학술논문

A comparative study between Gray Wolf and particle swarm algorithms use for optimization of cost in composite beam
Document Type
Original Paper
Source
Soft Computing: A Fusion of Foundations, Methodologies and Applications. 28(9-10):6571-6593
Subject
Cost optimization
Composite beam
Sensitivity analysis
Particle swarm optimization
Gray Wolf optimization
Language
English
ISSN
1432-7643
1433-7479
Abstract
The application of Particle Swarm Optimization (PSO) and Gray Wolf Optimization (GWO) as meta-heuristic techniques for cost optimization of composite beams (CBs) was evaluated.
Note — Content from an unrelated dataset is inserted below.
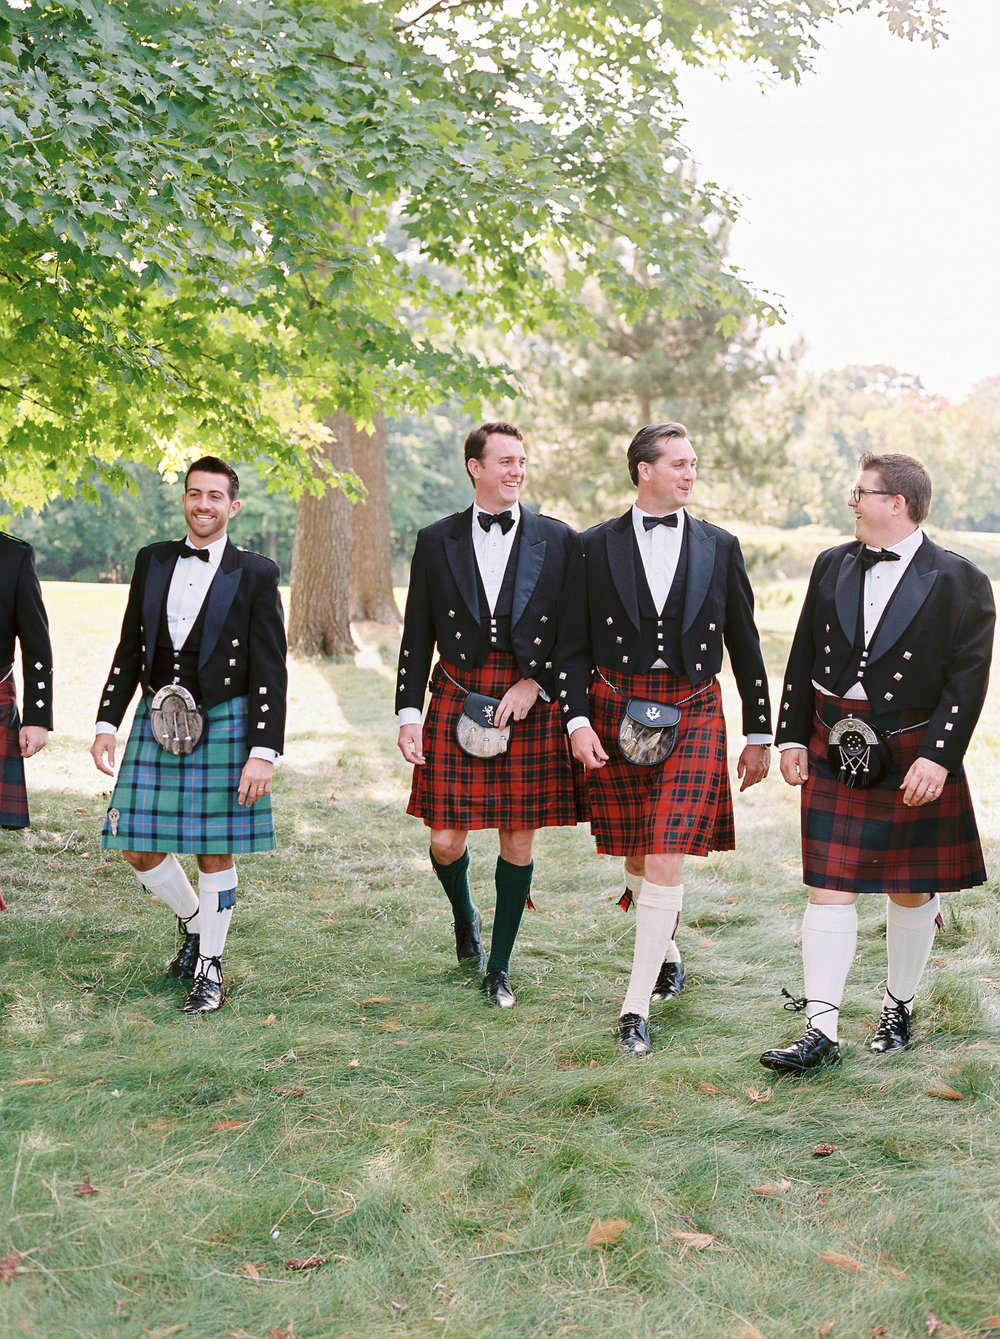 0173-Geneva-Ian-Wedding-Toronto Golf Club-When He Found Her-TorontoPhotographer.jpg

The performance of PSO and GWO was compared to the existing techniques in the literature, and the results demonstrated that the cost-saving achieved with PSO and GWO was significantly better. The PSO and GWO were also compared to Social Harmony Search (SHS) and the finding indicated that GWO generated better solutions. A parametric study and sensitivity analysis were conducted using GWO to investigate the effectiveness of different load combinations, beam spans, and slab thicknesses on optimal total cost. The results showed that the optimum cost was sensitive to slab thickness, highlighting the importance of selecting an appropriate thickness in CBs’ design.